> _EXERCISE OBJECTIVE_
Before returning the data, strip out the pictures and keep everything else exactly the same.

> _PROVIDED DATA_
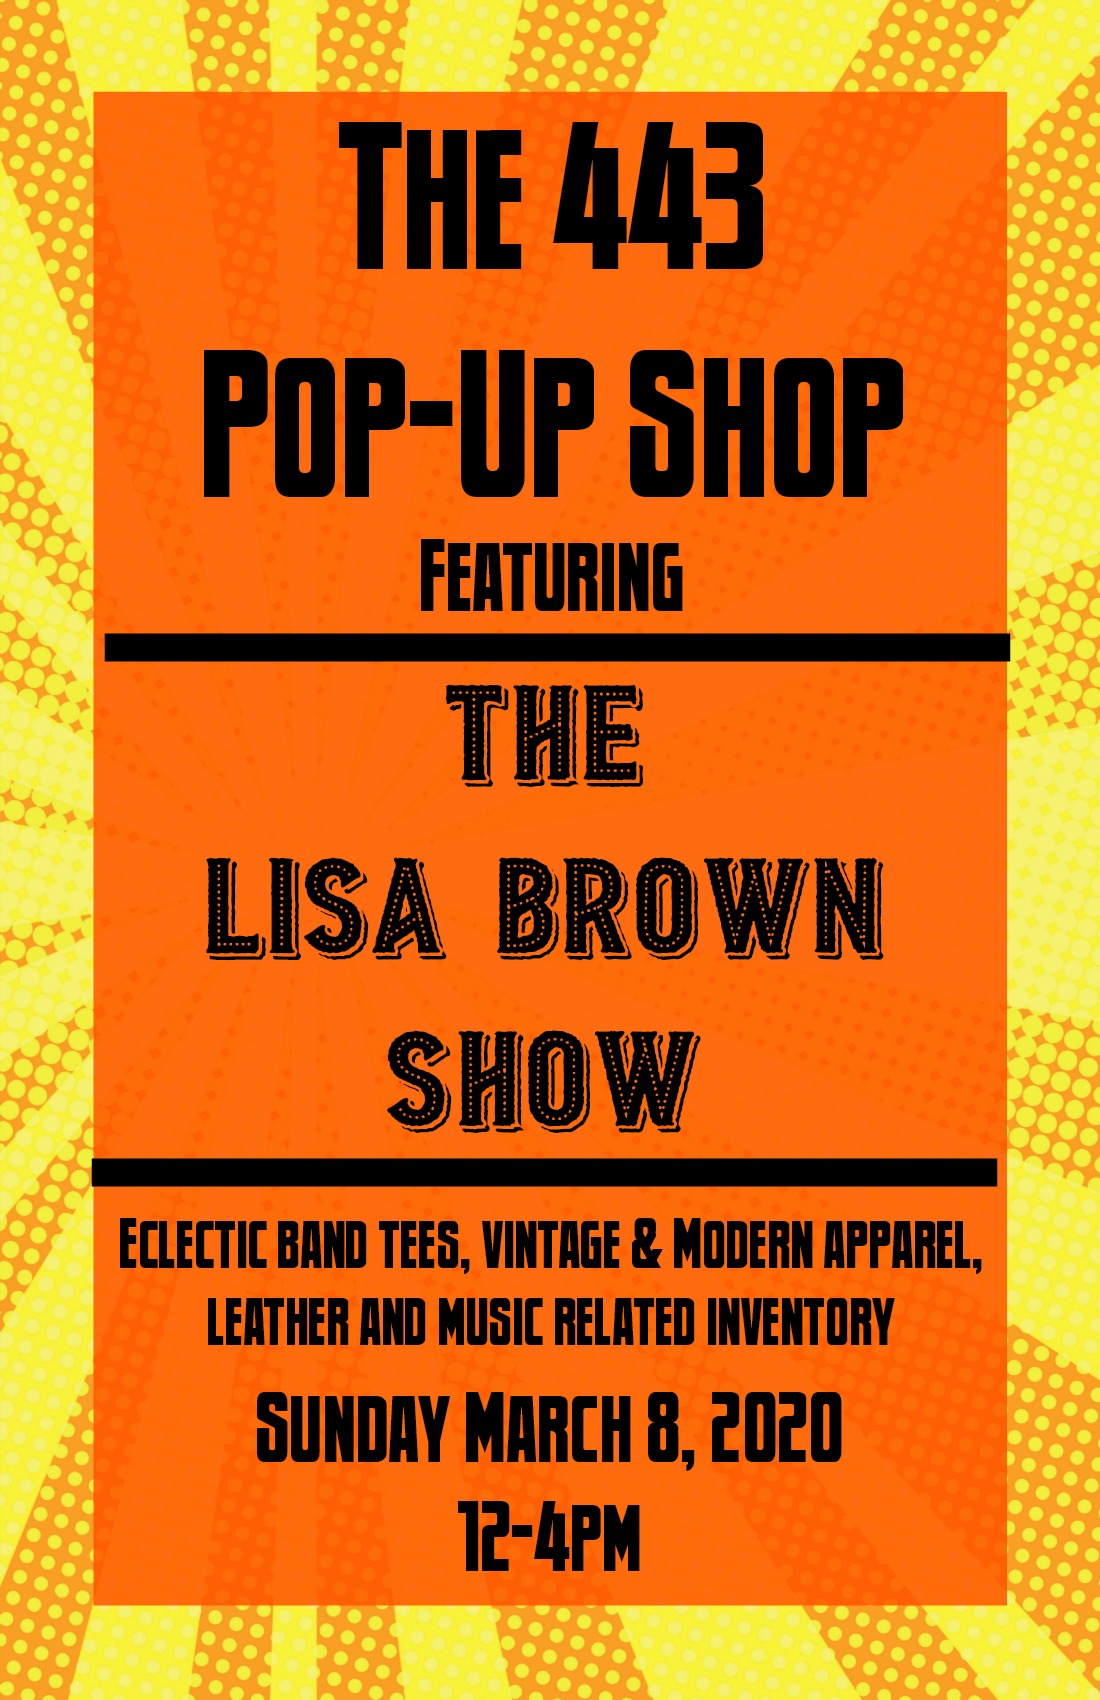 Lisa Brown Show
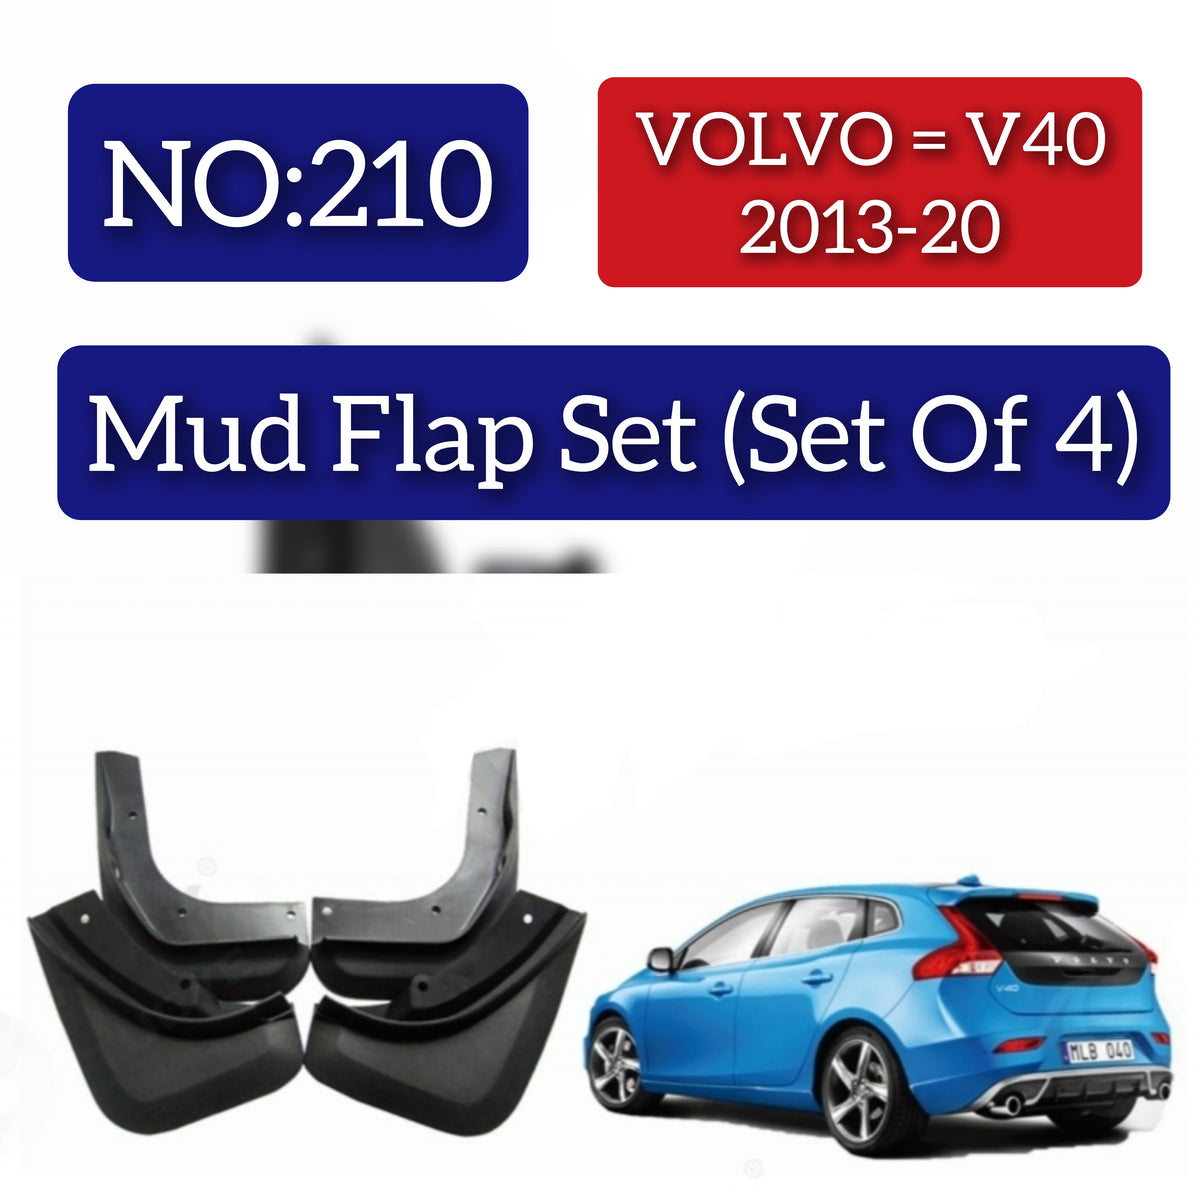 Volvo V40 2013-20 Mud Flap Set (Set of 4) Tag 210
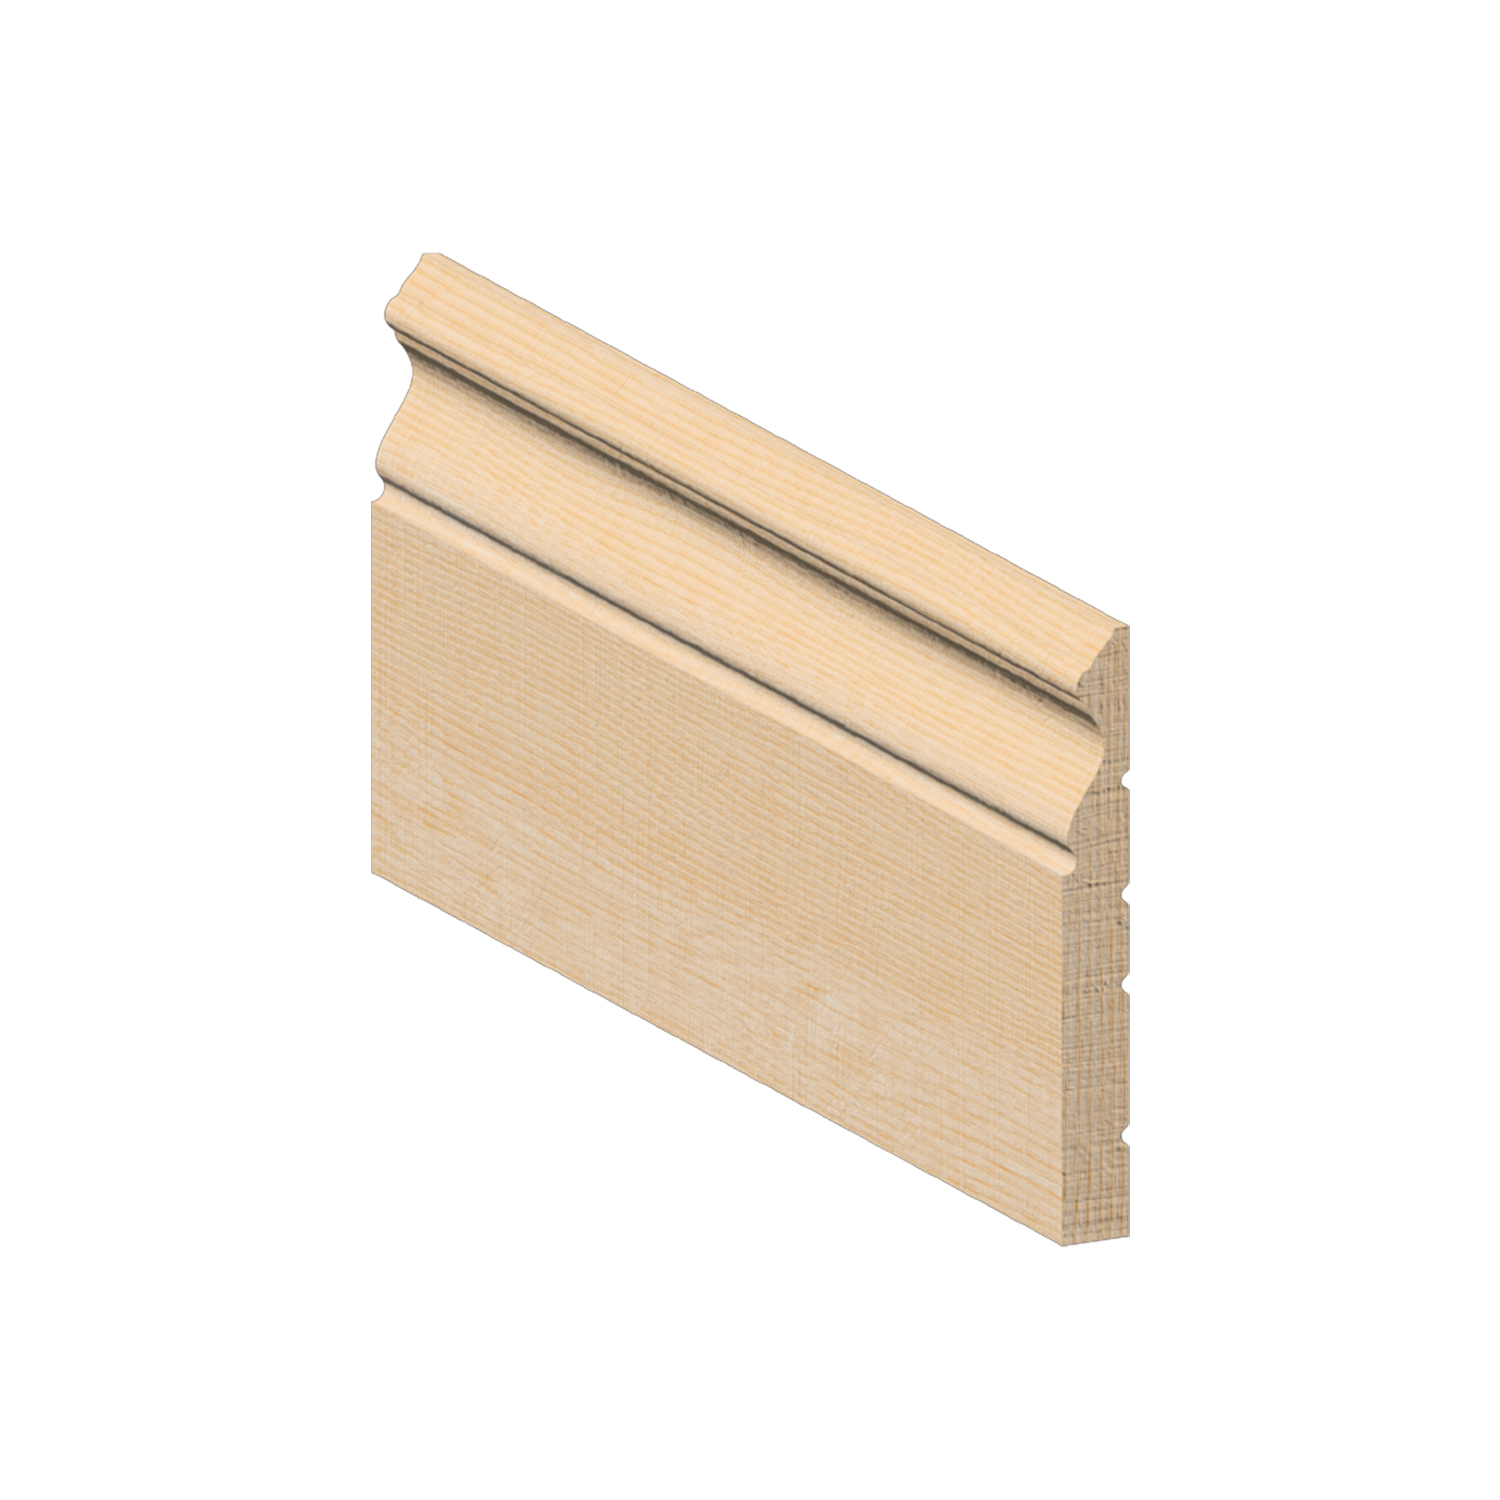 Base Board Oak Colonial 4 x 1/2 - baseoak4-1/2 - baseboard - SOLD BY FEET

> _EXERCISE OUTPUT_
 Lisa Brown Show
 Volvo V40 2013-20 Mud Flap Set (Set of 4) Tag 210
 Base Board Oak Colonial 4 x 1/2 - baseoak4-1/2 - baseboard - SOLD BY FEET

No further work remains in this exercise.